See what I mean! #We all learn something. #I have never heard the term "major-minor seventh" as you describe it - But I have heard the (casual) term "major-minor" in reference to the 7(#9) chord, which contains a major 3rd and minor 3rd interval (when a scale looks as though it has a both major and minor 3rd, the minor 3rd is really a #9). I have also heard of the "minor-major chord", which references a mi(ma7) chord, a minor 3rd and major 7th. #It seems Mr. Hoople is familiar with the "major-minor seventh" terminology as you use it.

I love this place. #And I am not a theory geek.

----------


## Doug Hoople

> Now the Nashville Number System makes sense to me, it seems like a useful tool to know and use but some of this stuff just sounds like an excuse to give some of ya'll something to talk about when you're not playing more then being anything useful.


So, TNFrank, by your definition, if there's something you don't understand, then it must not be useful. Is that it? That's certainly what it sounds like. 

Two days ago, you didn't understand the Nashville Number System, but today you do, so that's "useful"? But you've decided not to understand a really rudimentary concept like the secondary dominant (even though I'm pretty sure you'd hear it and know it instantly), and so the secondary domininant is somehow "useless"?

It's fine to say it's not useful to you. It's not fine for you to say that the stuff exists for the purpose of making eggheads feel superior.
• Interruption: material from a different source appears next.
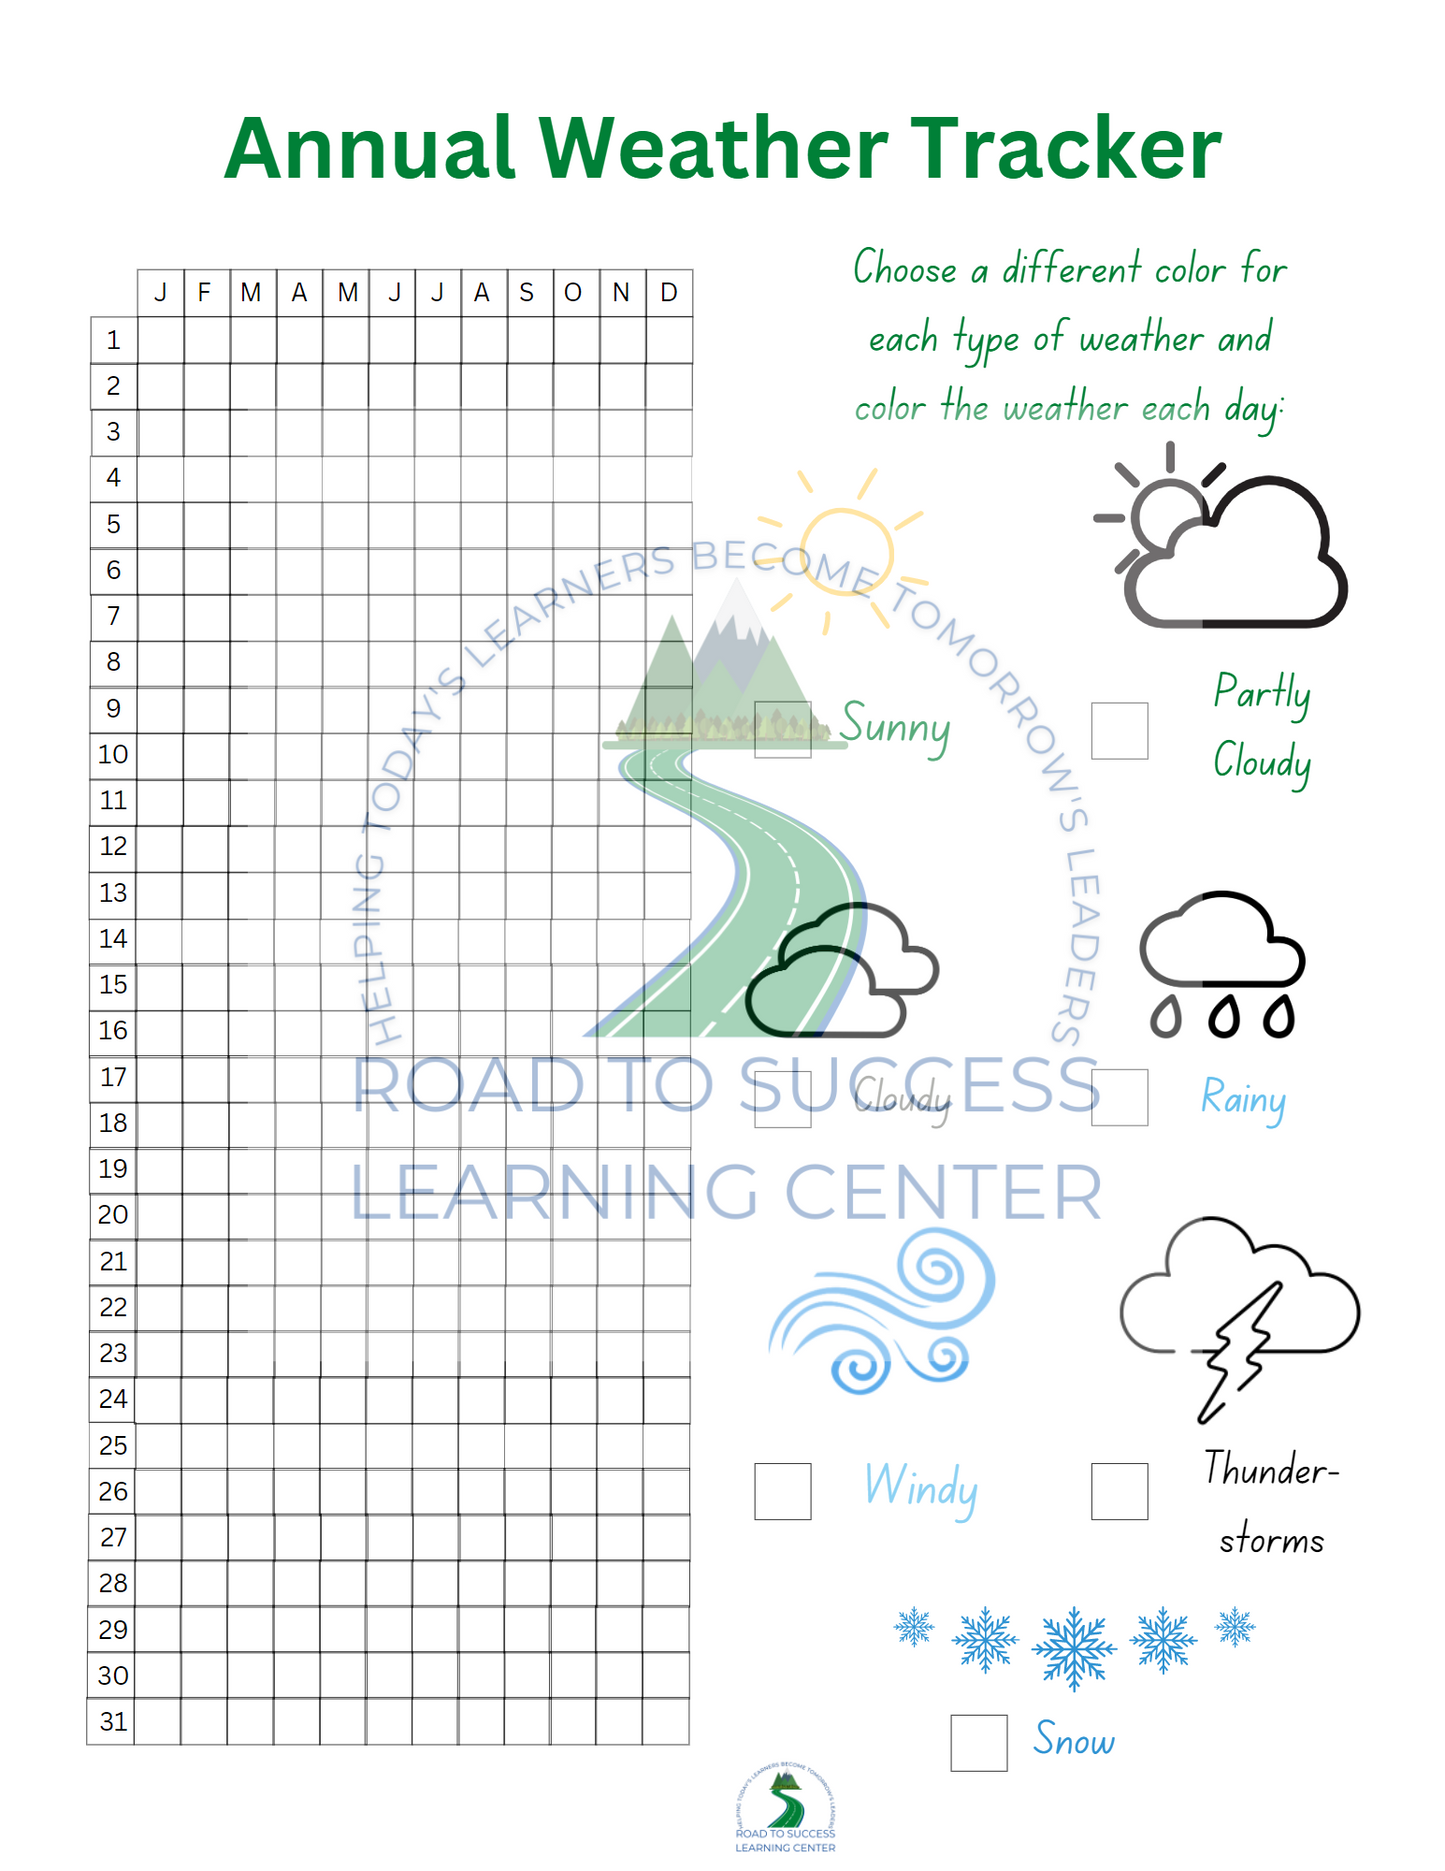 All About Weather Workbook

That just makes you look ignorant, and denigrates the time and trouble that musicians have taken to learn and understand their craft.

The things we don't understand often "feel" useless. But when we come to understand them, they become useful in ways we never even anticipated.

----------


## Clyde Clevenger

I think I have a pretty good handle on theory, enough to do what I do. Funny that I understood all of what Don Stiernberg wrote but some of you other guys left me with numb spots in my brain that may never be recovered. I know who Don is, I'm figuring he knows of what he speaks.

----------


## Doug Hoople

> There's technically a difference between a dominant and a major minor seventh. #A dominant is a chord built on the fifth degree of a scale which has a certain harmonic function. #A major-minor seventh is a major triad with a minor seventh added. #Technically you could have a major-minor seventh that wasn't a dominant chord, and you can definitely have a dominant chord (though not a dominant seventh) that isn't a major-minor seventh. #The terms "dominant seventh" and "major-minor seventh" are often used interchangeably because, in practice, they basically are, but they're not exactly the same thing.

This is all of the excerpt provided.